No Needles, No Problem — A Brief History of Knitting Without Needles
Knitting without needles isn't a modern shortcut or a beginner's workaround.
People have been looping yarn around their fingers, spools, and carved wooden tools for centuries — long before anyone thought to write it down as a pattern.
Below is a quiet tour through the main no needles knitting techniques and where they came from.
Spool Knitting — The Knitting Nancy
You may know it as French knitting, corking, or simply the little wooden spool with nails in the top that appeared in many a childhood craft box.
Peg-based cord making turns up in various cultures across history, but the small wooden spool knitter became particularly familiar in Europe during the 19th and early 20th centuries. It was often one of the first textile tools given to children — simple enough to learn in an afternoon, satisfying enough to keep going for years.

What it makes: narrow I-cords, decorative trims, ties, and the kind of long woolly rope you produce enthusiastically without being entirely sure what to do with it next.
I still use a wooden knitting nancy myself. There's something quietly pleasing about keeping an old method going with the same basic tool it always used.
I have also used a toilet roll for a spool knitter (more on that soon).
Loom Knitting — Pegs in a Frame
Peg-based knitting in various forms has existed for a long time, though the circular and rectangular knitting looms most people recognise today became widely available in the 20th century.
They were designed to make knitting more accessible — consistent stitches, no needle coordination required, and particularly useful for chunky yarn projects. During the craft revivals of the late 20th and early 21st centuries, loom knitting found a new generation of enthusiasts who appreciated both its simplicity and its results.

Hats, scarves, blankets — a loom handles all of them without asking too much of you in return.
The Lucet — A Medieval Cord Maker
The lucet is a two-pronged tool, usually wooden, used to produce a firm square cord. It was widely used in medieval Europe for lacing garments, making drawstrings, and creating decorative trims — practical, durable, and requiring nothing more than the tool and a length of thread.
Unlike spool knitting, lucet cord has a distinctly structured, almost braided quality. It's strong enough to be functional and neat enough to be decorative.

Today the lucet is used by historical reenactors, fibre enthusiasts, and anyone who has come across one and found themselves quietly captivated by how satisfying it is to use. It is one of those tools that looks complicated and turns out to be wonderfully simple.
Finger Knitting — Just Your Hands
Finger knitting likely developed independently across multiple cultures, for the obvious reason that hands are always available and yarn is all that's needed.
It has long been used as an entry point into textile work — particularly for children — because there is no tool to learn, no setup required, and the results appear quickly. Its simplicity is precisely why it has lasted.

Arm Knitting and the Modern Additions
Arm knitting is the newest arrival in the no needles family, gaining popularity in the early 21st century alongside the trend for oversized chunky yarn.

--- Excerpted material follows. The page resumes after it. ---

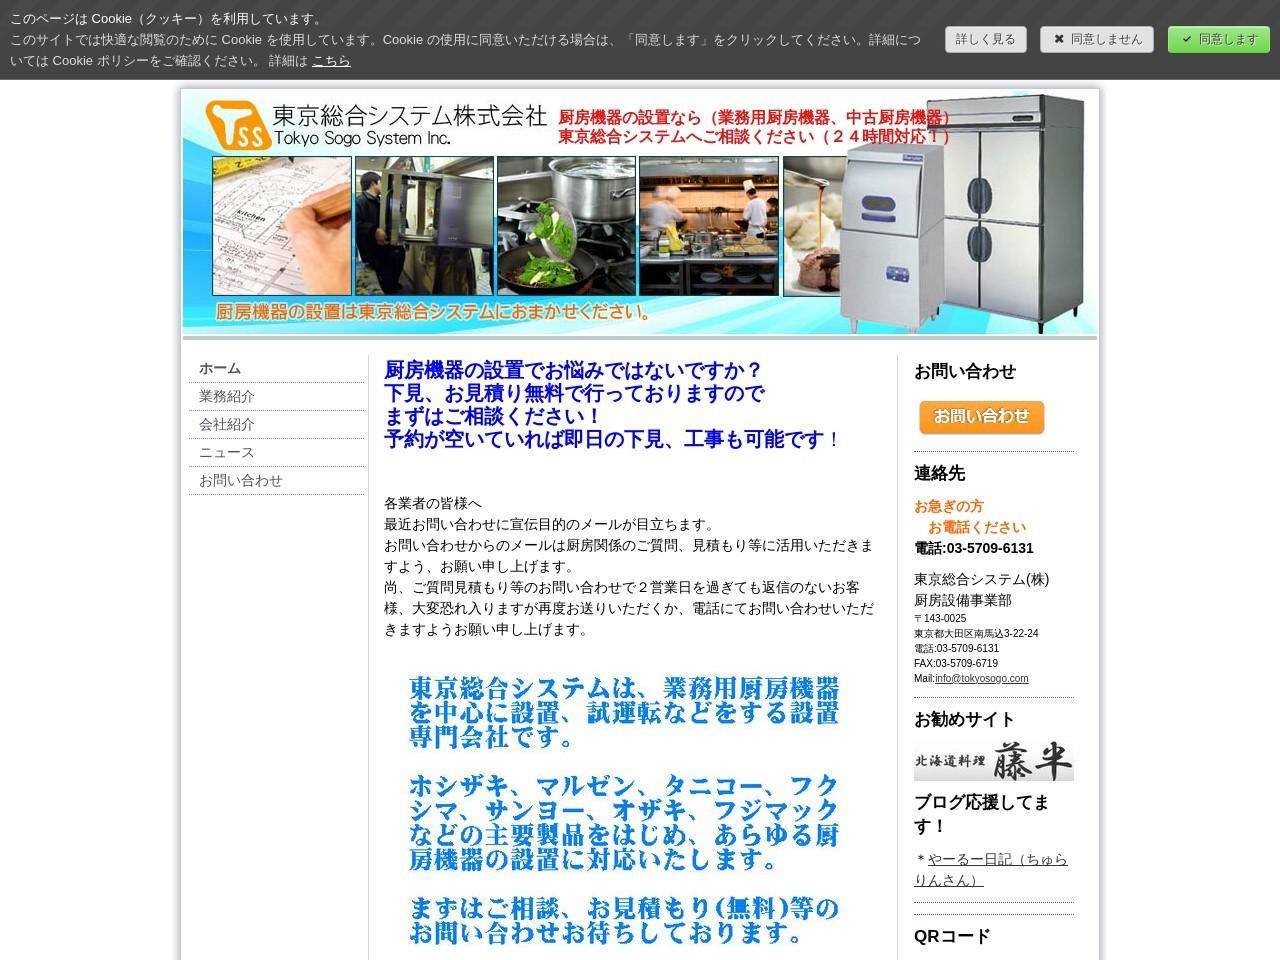 東京総合システム株式会社

Using arms instead of needles produces fabric on a much larger scale — big blankets, chunky cowls, scarves that take an afternoon rather than a month. It isn't ancient, but it follows the same principle that runs through all of these techniques: forming loops into structure using whatever comes to hand.
A Final Thought
No needles knitting techniques didn't appear from nowhere. They are practical adaptations that developed across centuries, shaped by the materials available, the tools at hand, and the very human inclination to make something from a length of fibre.
From the medieval lucet to the modern arm knit blanket, the core idea has remained the same. The methods just keep finding new people to pick them up.